Information shown:
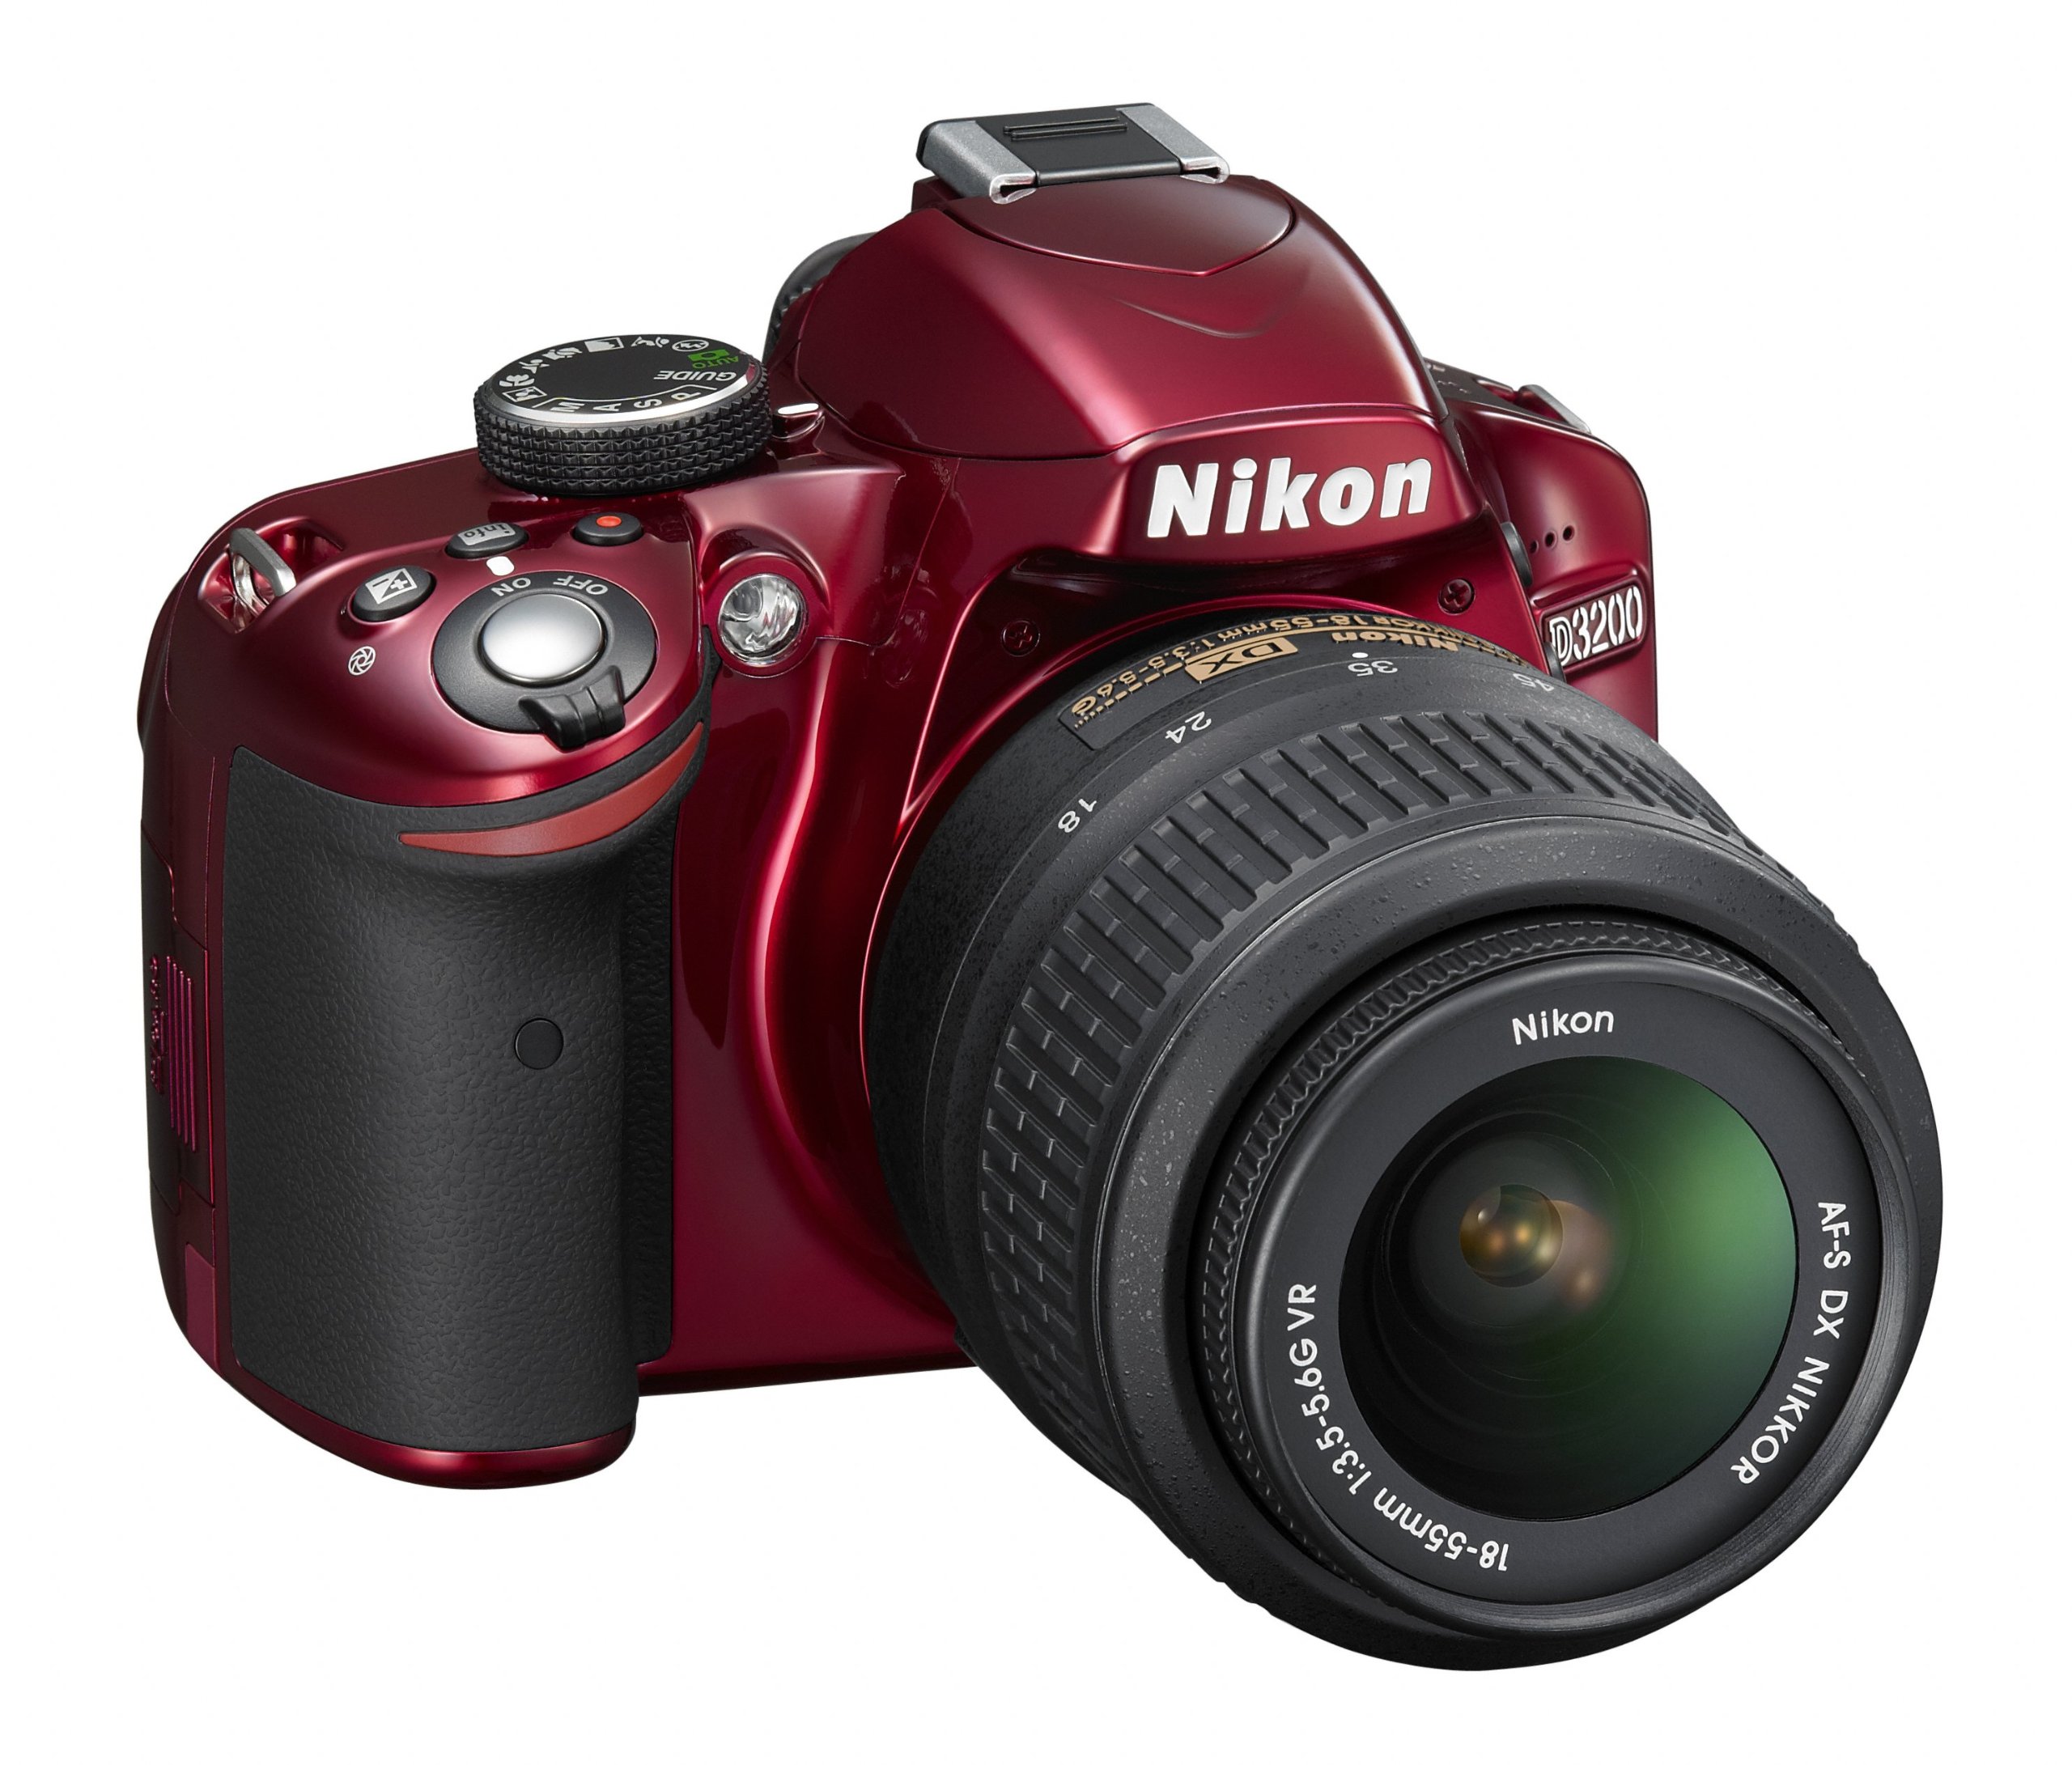 Nikon D3200 24.2 MP CMOS Digital SLR with 18-55mm f/3.5-5.6 AF-S DX VR NIKKOR Zoom Lens (Red)
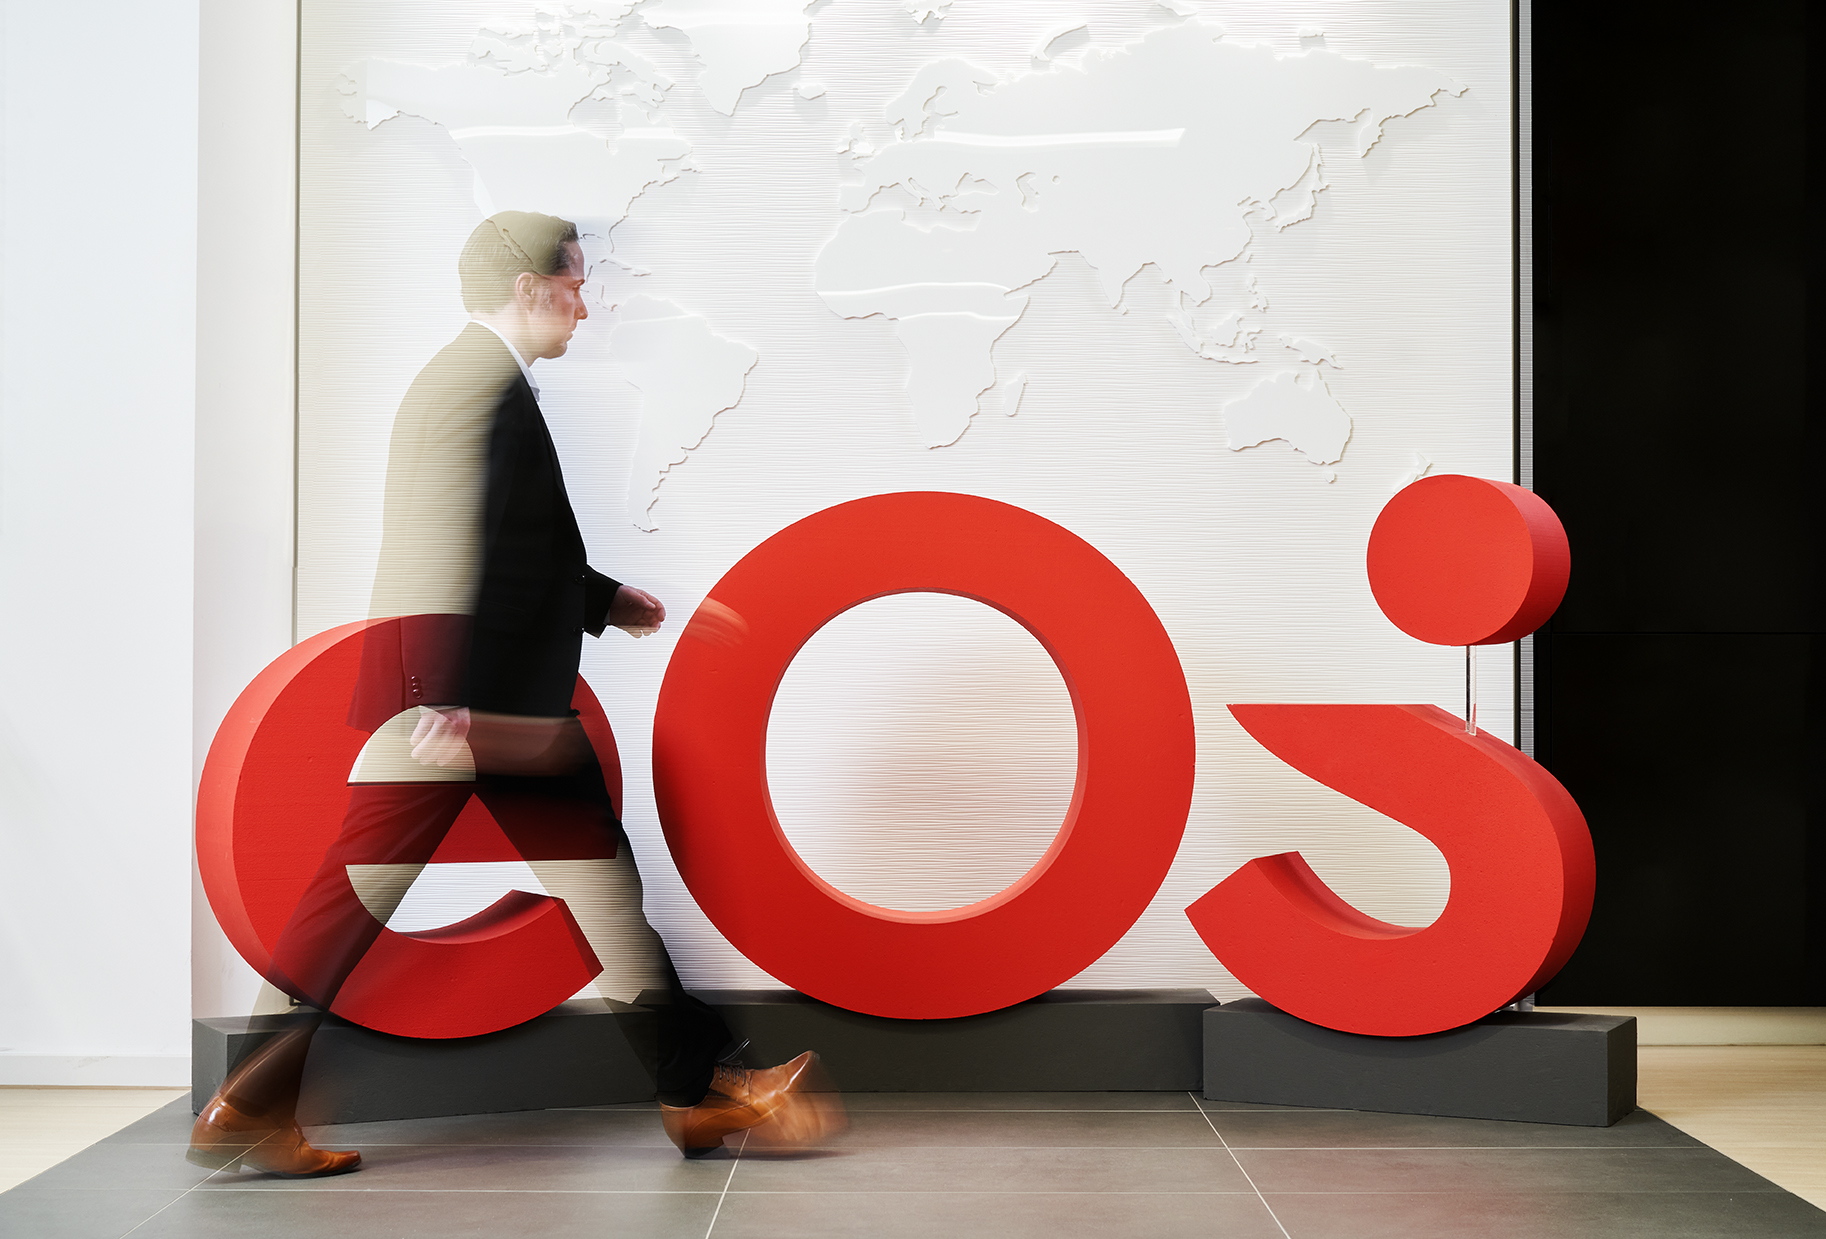 Así es la nueva marca EOS: El nuevo logotipo adorna el lobby de la sede de EOS.
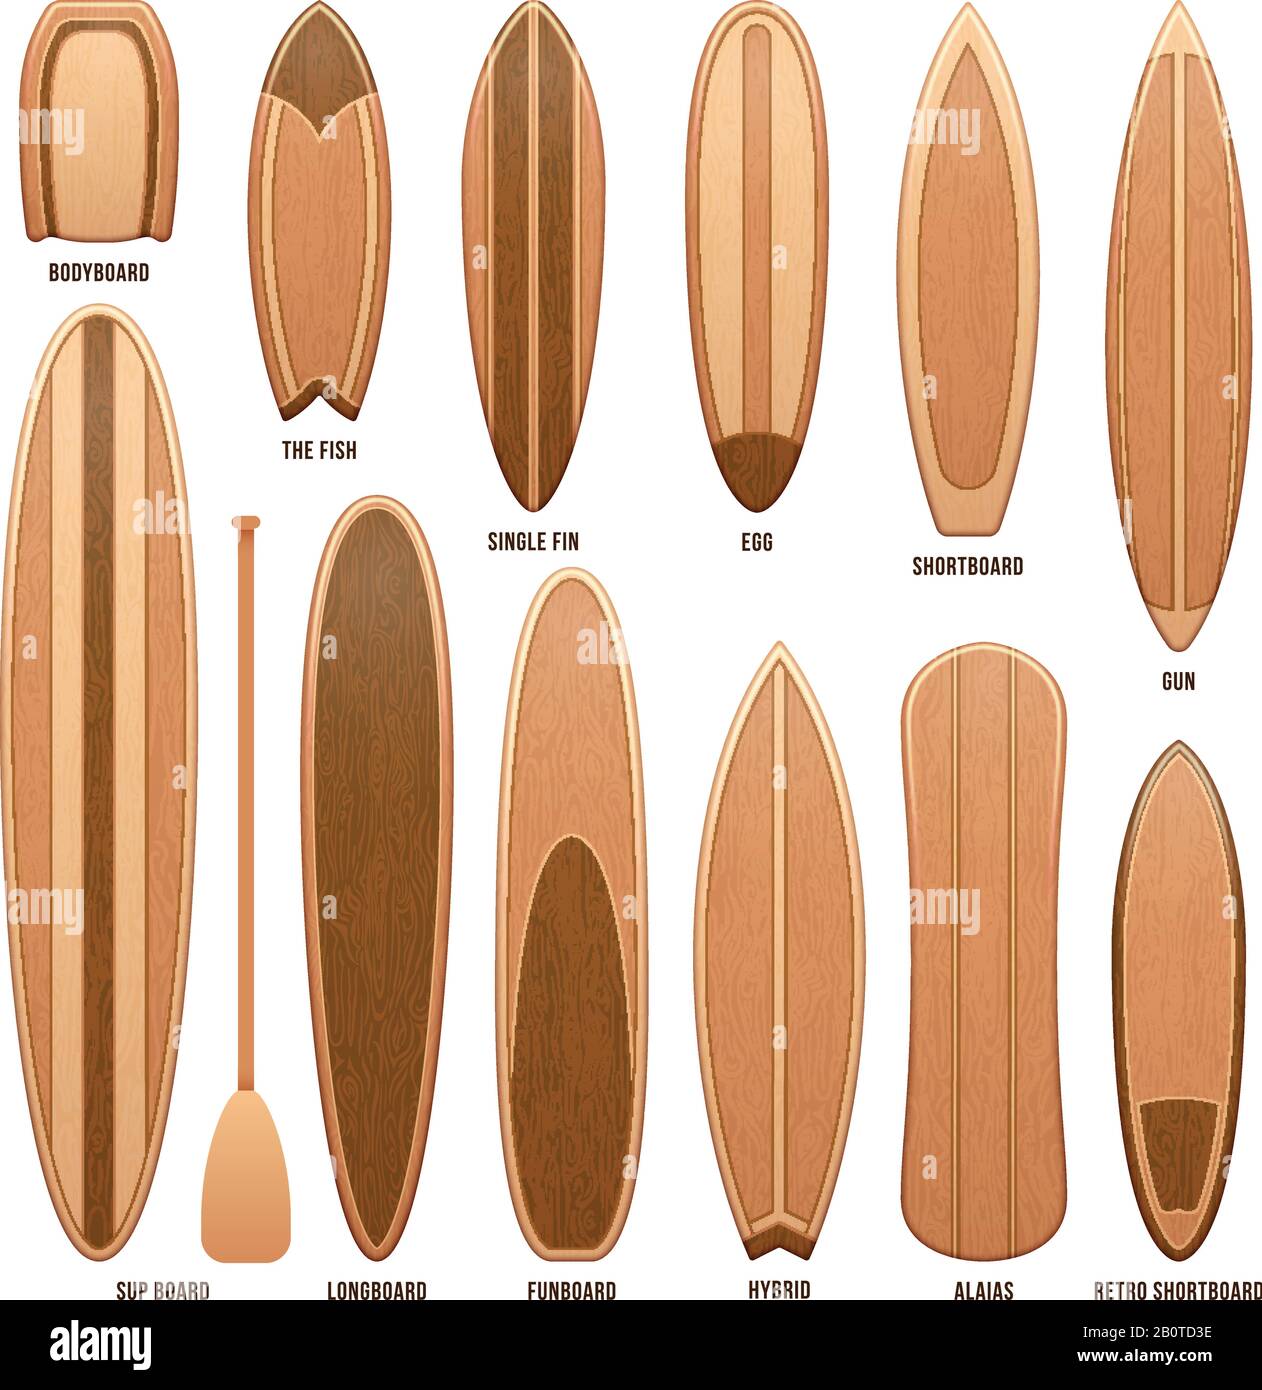 Auf weißen Vektorgrafiken isolierte Holz-Surfboards. Surfboad aus Holz für Sport, Surfbrett-Sammeldesign Stock Vektor

Required work: In your transcription of the listing above, match each line exactly and include no pictures.

Reply to the exercise:
 Nikon D3200 24.2 MP CMOS Digital SLR with 18-55mm f/3.5-5.6 AF-S DX VR NIKKOR Zoom Lens (Red)
 Así es la nueva marca EOS: El nuevo logotipo adorna el lobby de la sede de EOS.
 Auf weißen Vektorgrafiken isolierte Holz-Surfboards. Surfboad aus Holz für Sport, Surfbrett-Sammeldesign Stock Vektor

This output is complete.